What to produce: Set down the lines below, exactly, starting at the one that contains "DIY: Transformer un" and stopping at the last line, inclusive. Omit pictures.

Material provided:
------------------------------------------------------------------------
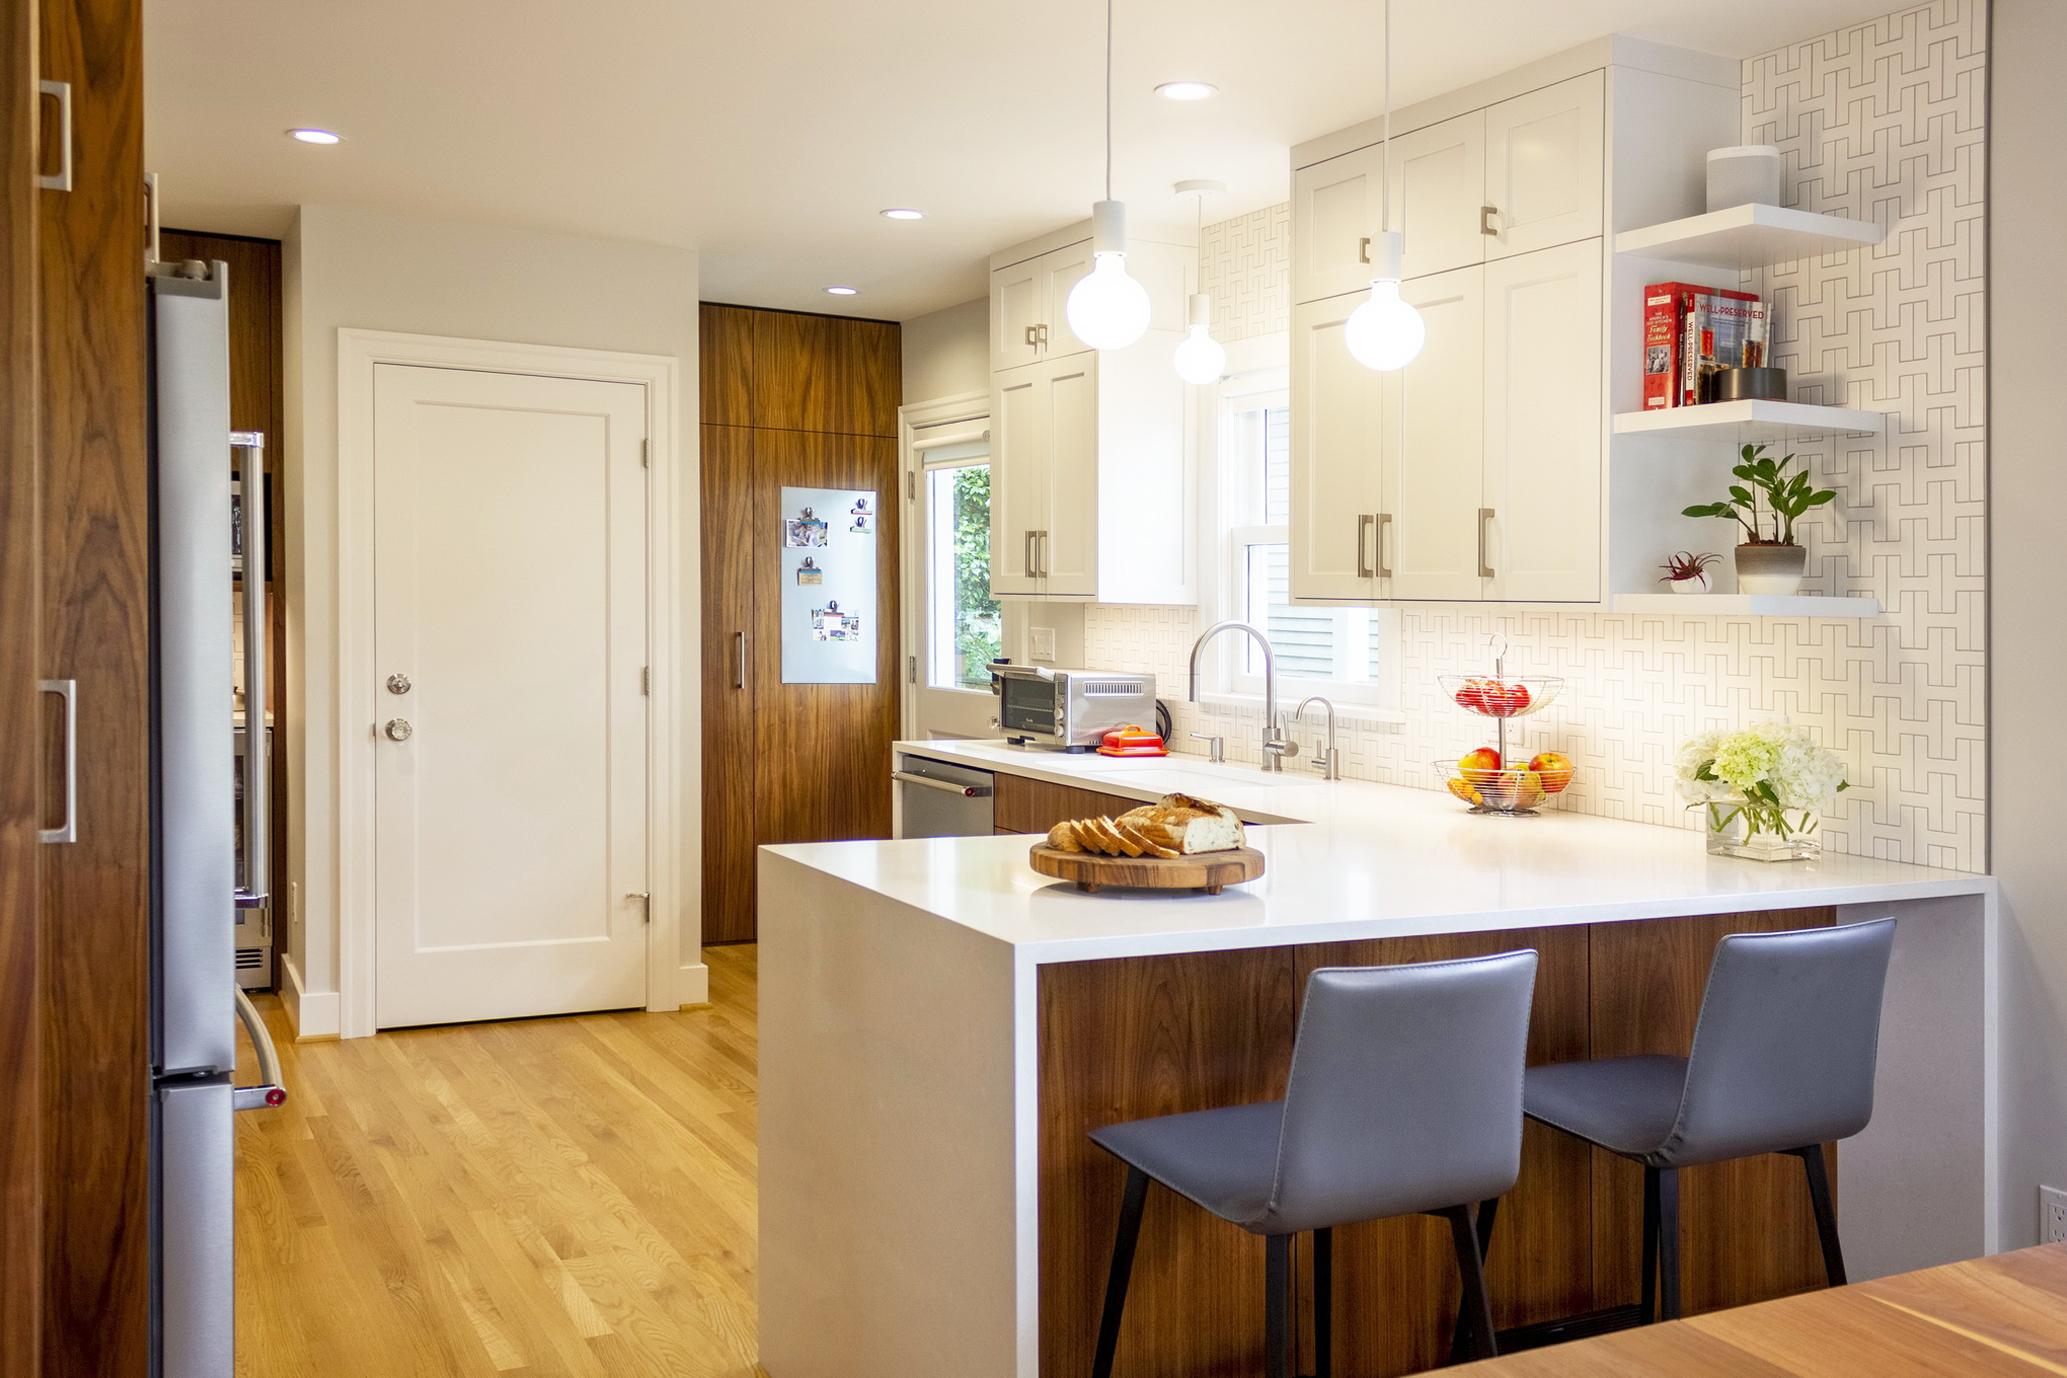 Seattle_Kitchen_Remodel-02
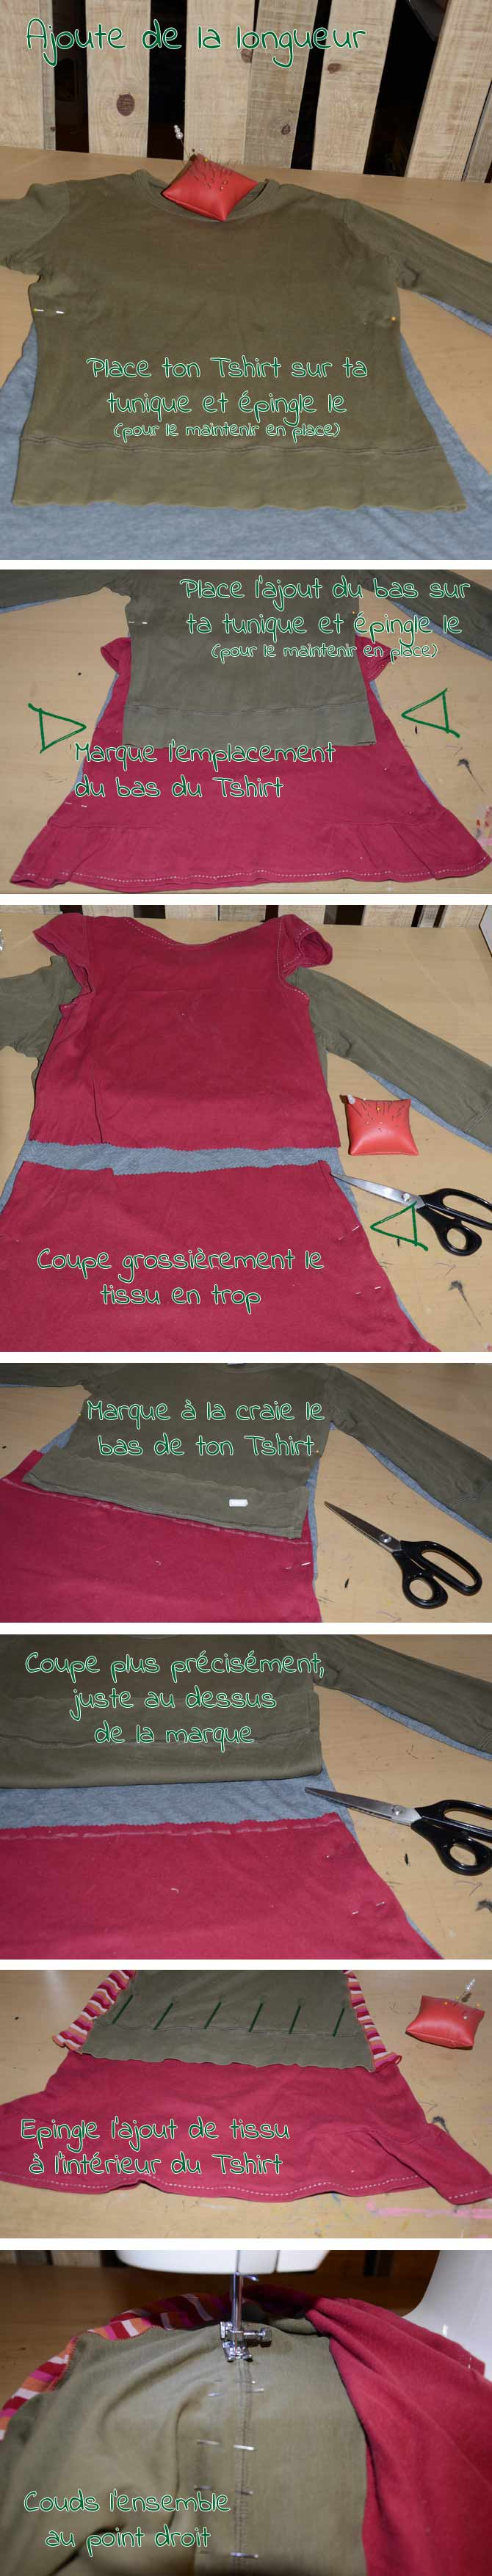 DIY: Transformer un Tshirt en tunique - coudre les côtés
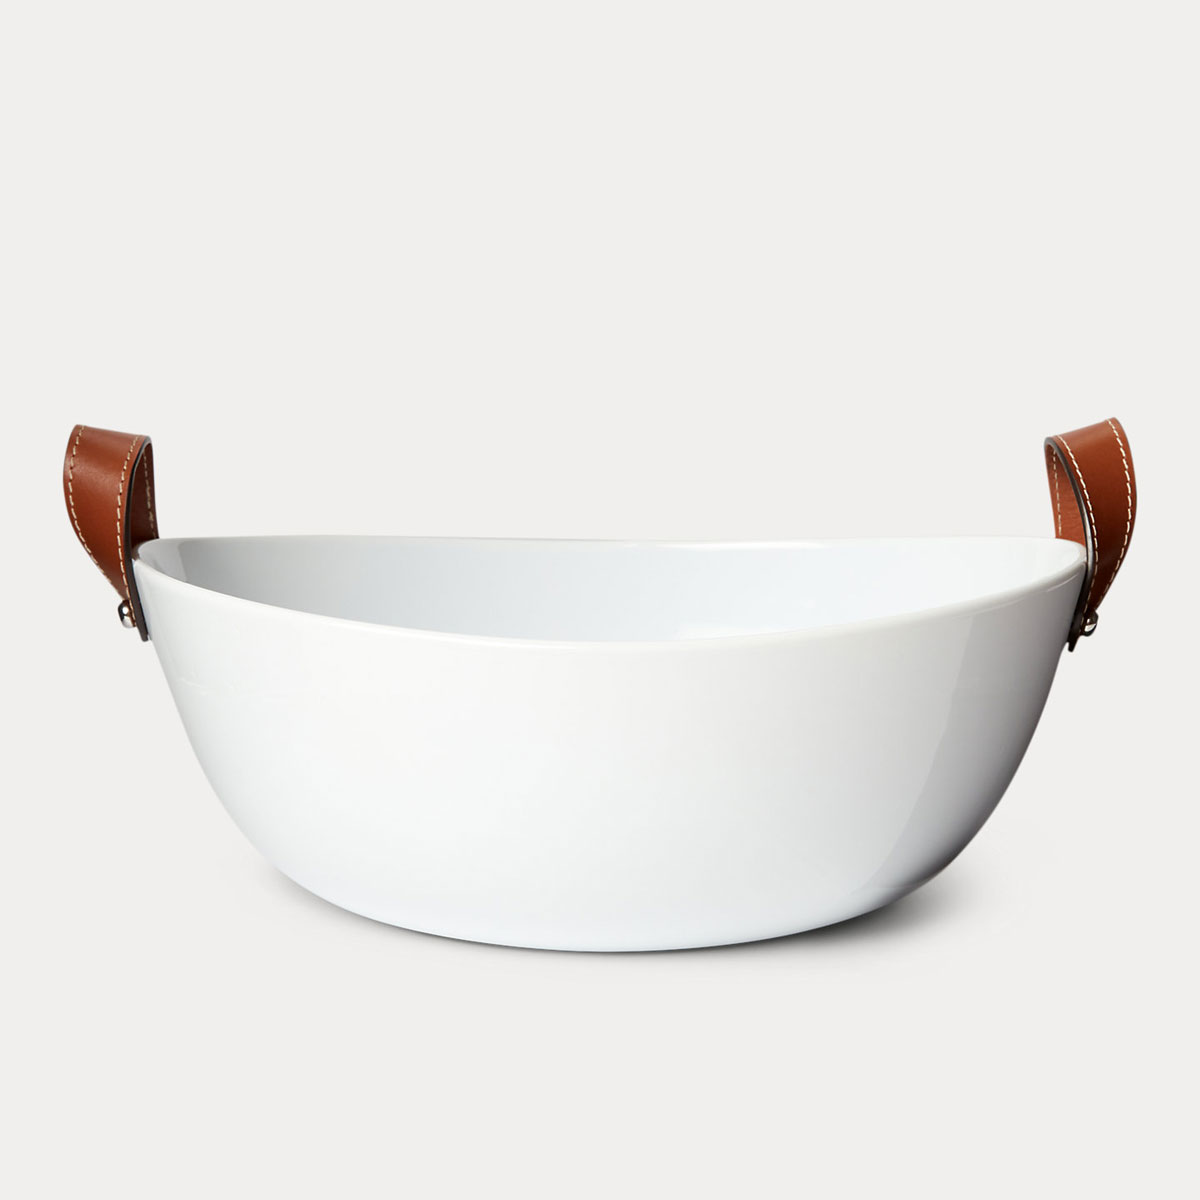 Ralph Lauren China Wyatt Salad Bowl, Saddle
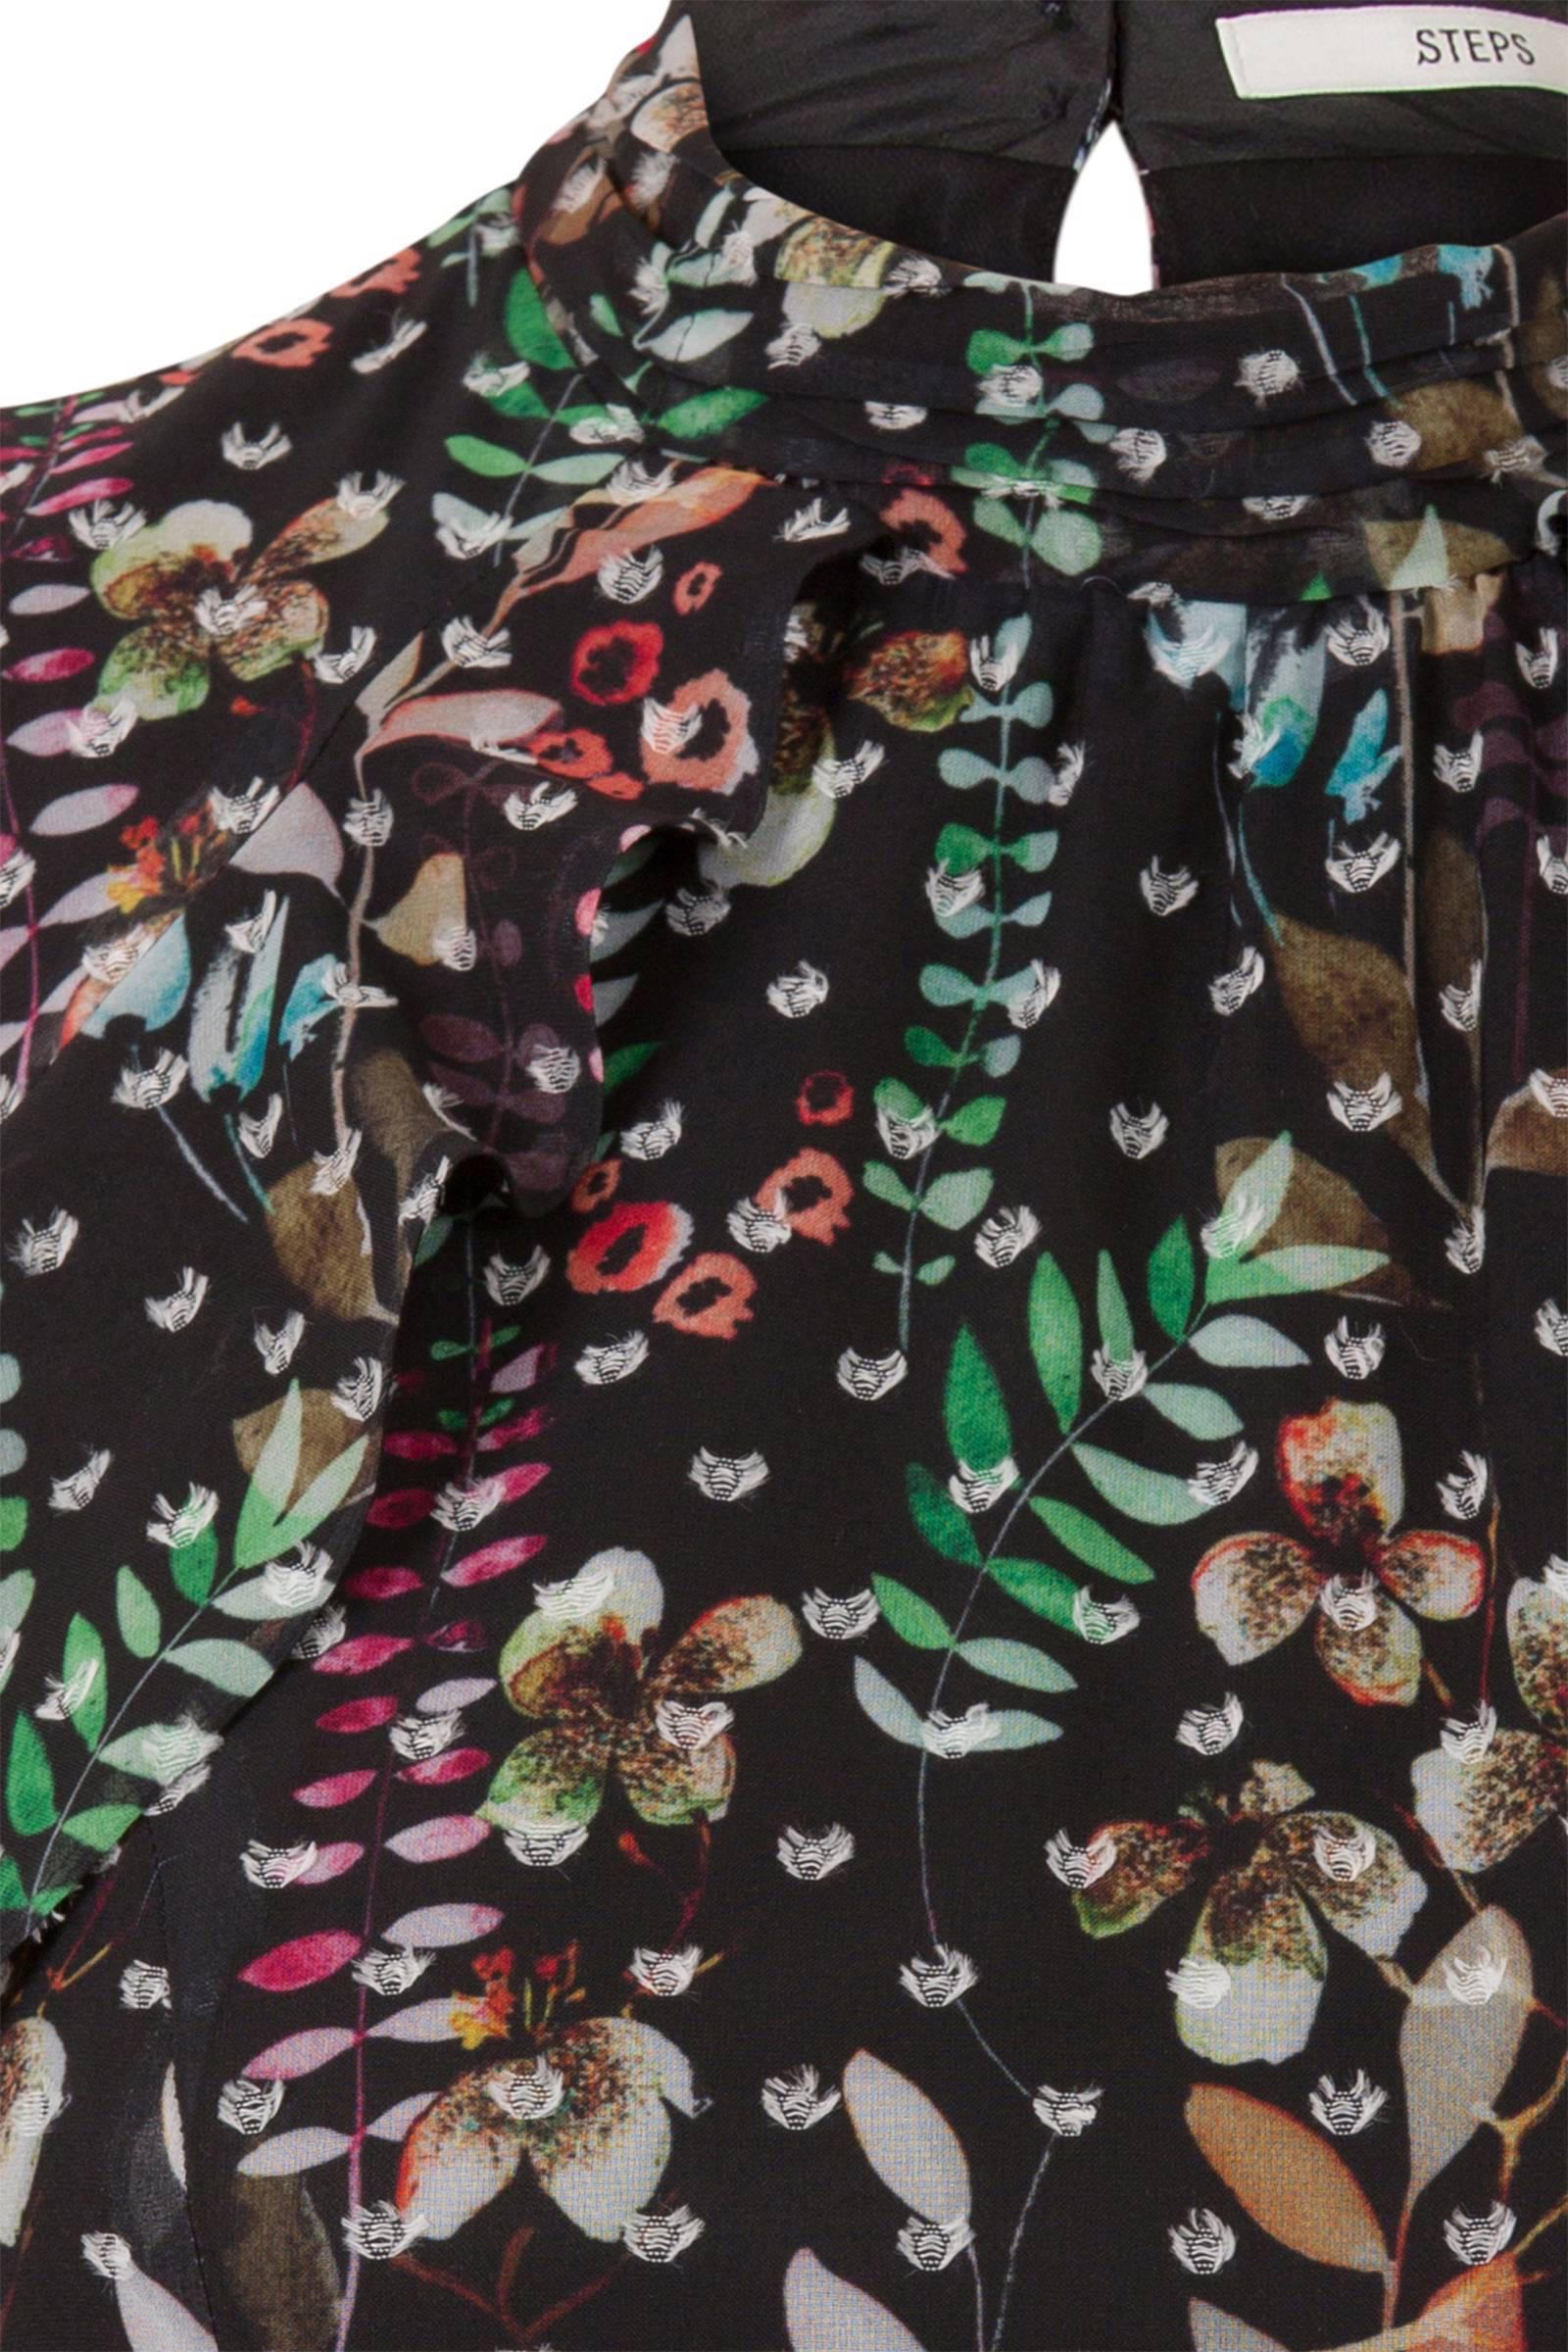 b6bc9284b16efc bloemen jurk en met ruffles wehkamp zwart Steps wEzvqdv
------------------------------------------------------------------------
Finished task:
 DIY: Transformer un Tshirt en tunique - coudre les côtés
 Ralph Lauren China Wyatt Salad Bowl, Saddle
 b6bc9284b16efc bloemen jurk en met ruffles wehkamp zwart Steps wEzvqdv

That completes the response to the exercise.